Children’s vaccinations and booster doses
On the status of vaccinations for children, Paul said that the National Technical Advisory Group on Immunisation in India (NTAGI) is looking at emerging data on the same.
“We do not have enough information on children’s vaccination yet. They are examining other facets of the vaccines. When a decision point is reached and a recommendation is given by them, it will be acted on appropriately,” he added.
Asked about plans for booster doses in India, Balram Bhargava, director general at the Indian Council for Medical Research (ICMR), explained that there are three aspects to immune response — antibody response, cellular immunity and mucosal immunity.
Both cellular immunity and mucosal immunity are relatively harder to measure and track, but antibody response can be easily measured, he said.
“Antibody levels remain high for upto nine months, according to several studies, after which the levels come down. But this does not mean that the vaccine becomes ineffective after nine months,” Bhargava added.

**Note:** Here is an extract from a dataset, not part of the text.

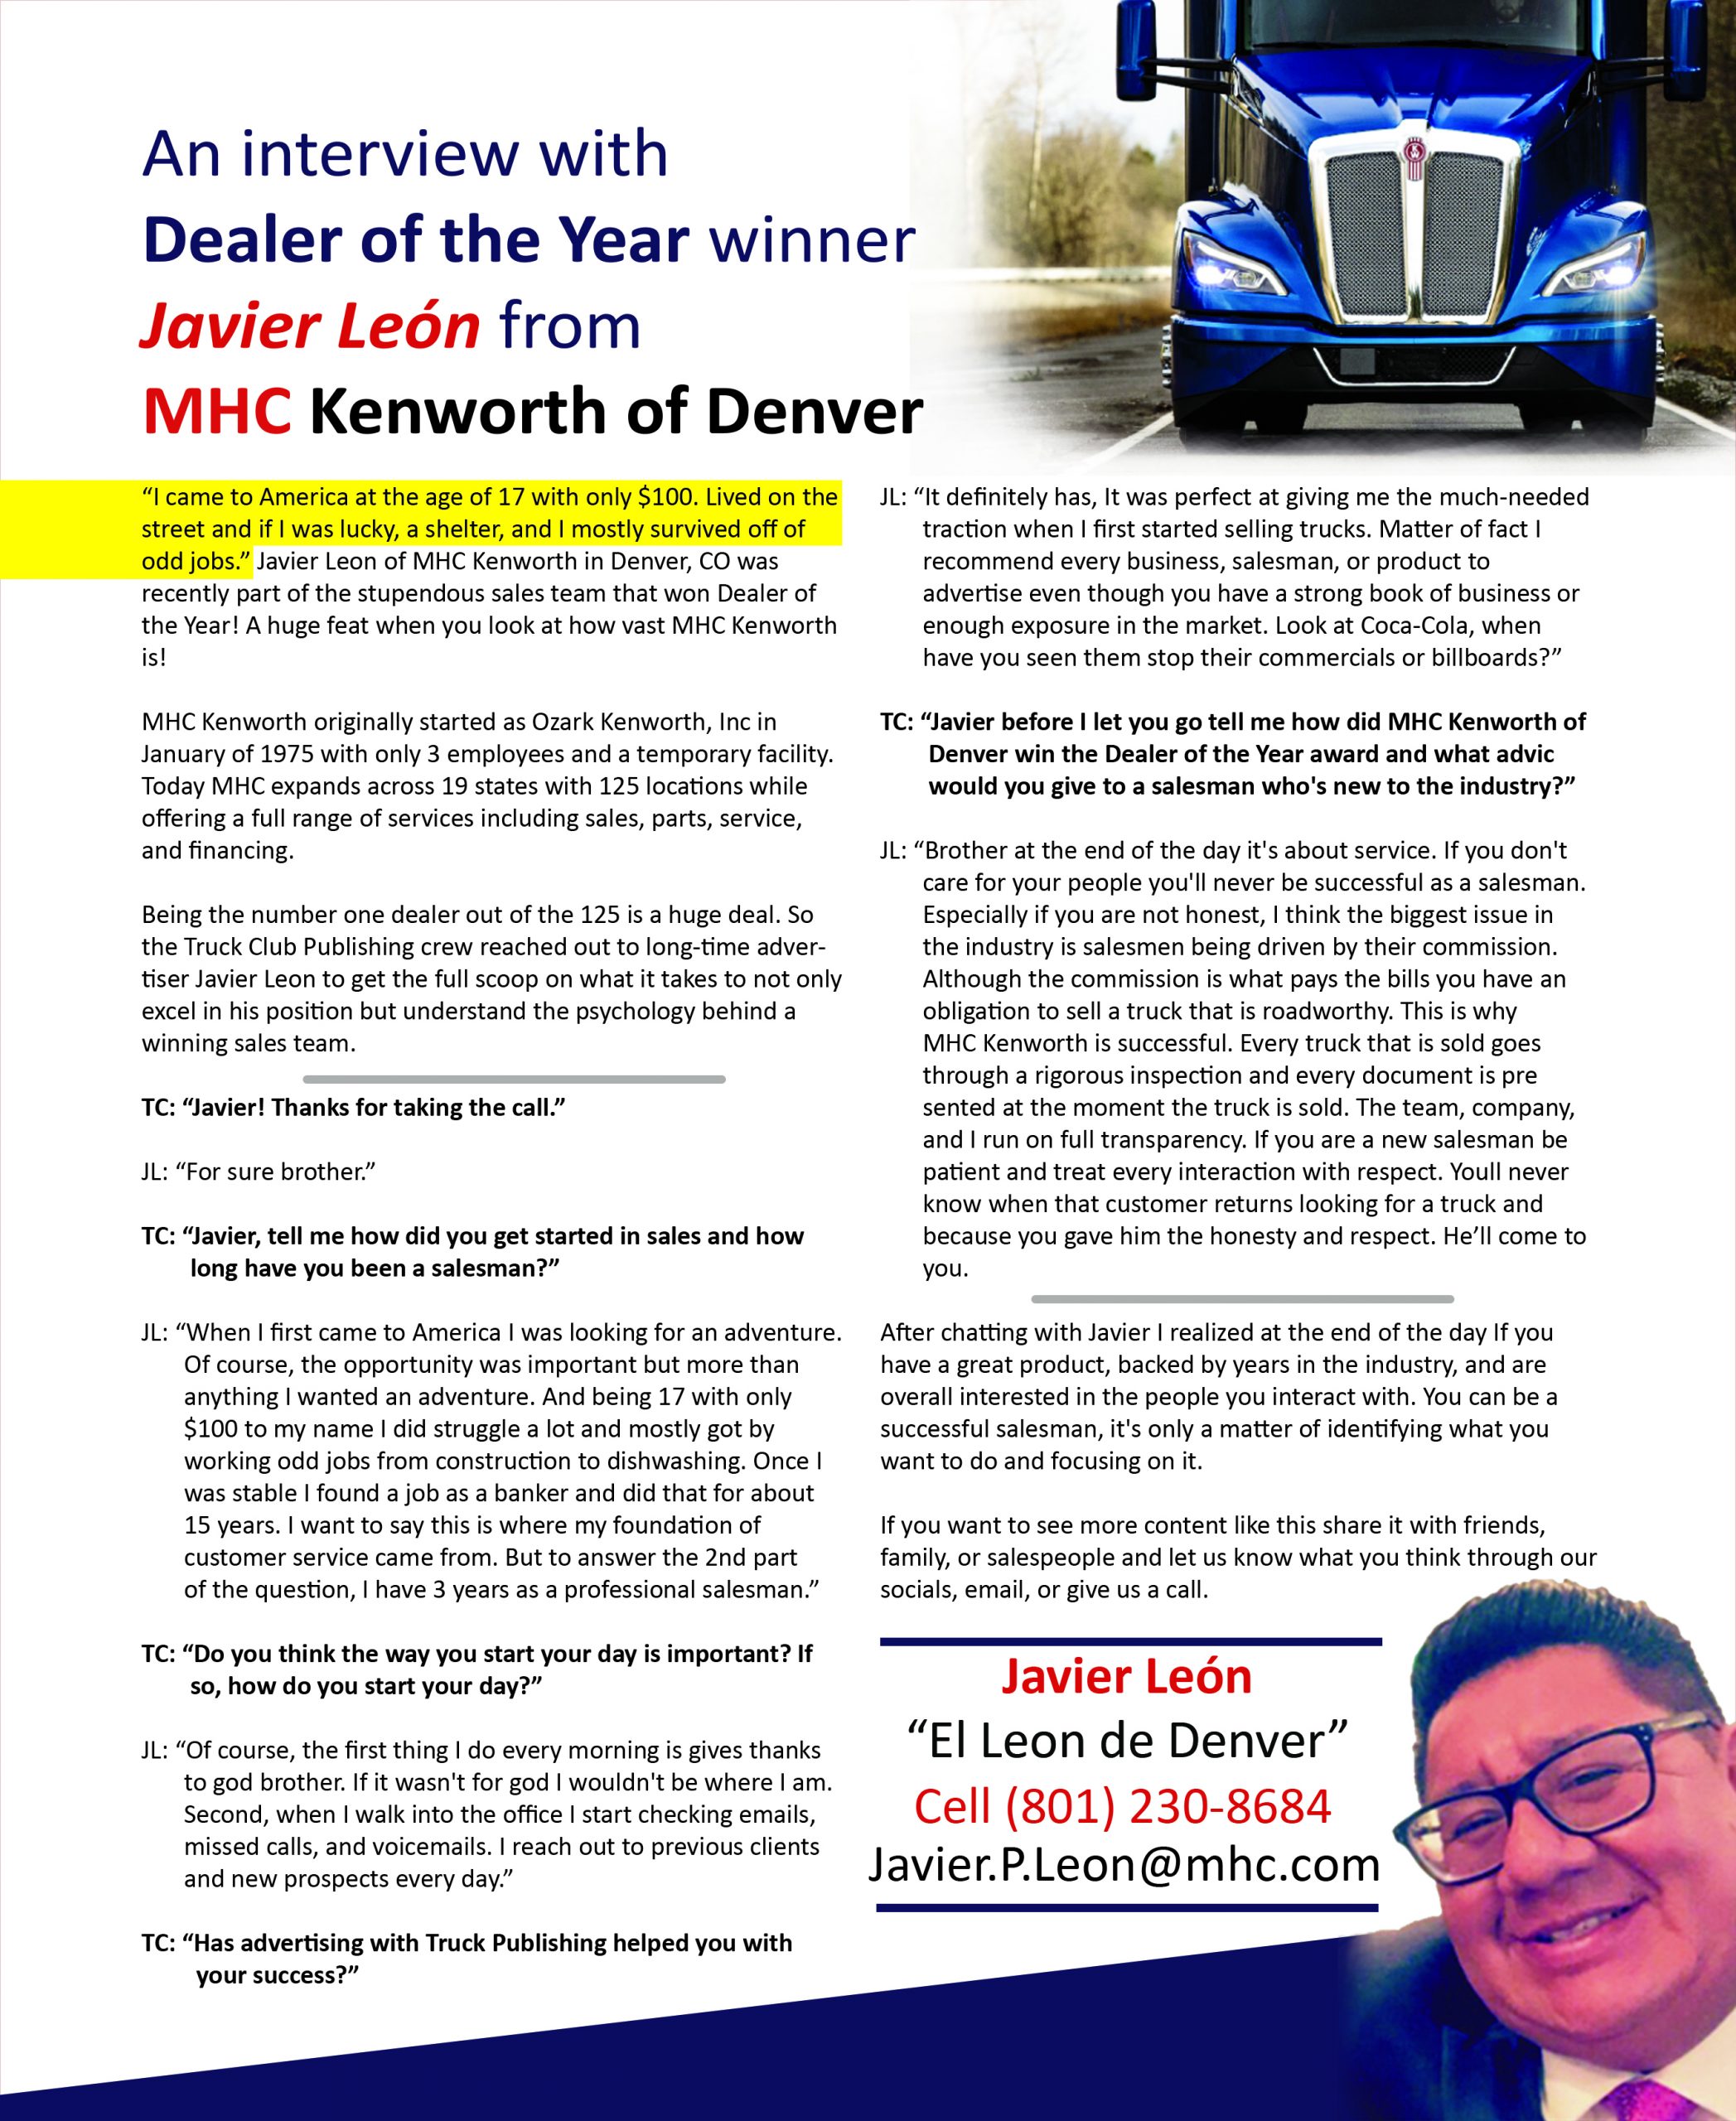 Article Dealer of the Year

V.K. Paul said the World Health Organisation (WHO) has not yet given any recommendations for booster doses. “WHO has clearly and emphatically highlighted the need to complete vaccination as the most important priority. Our approach is also aligned with the view that we should complete vaccinating every adult with two doses,” he added.
Paul said they are keeping a watch on the emerging science of mixing vaccines for better immune response.
Daily average vaccination rate increased in December
Agarwal pointed out that 86.2 per cent of the adult population had received one dose of the vaccine, while 53.5 per cent of the population has been fully vaccinated.
He added that while the average number of daily vaccine doses during the festive months of October and November had reduced to 55.77 lakh and 59.33 lakh doses respectively, the same had increased to 78.66 lakh once again in the month of December.
This is similar to the daily average of 78.69 lakh doses in September.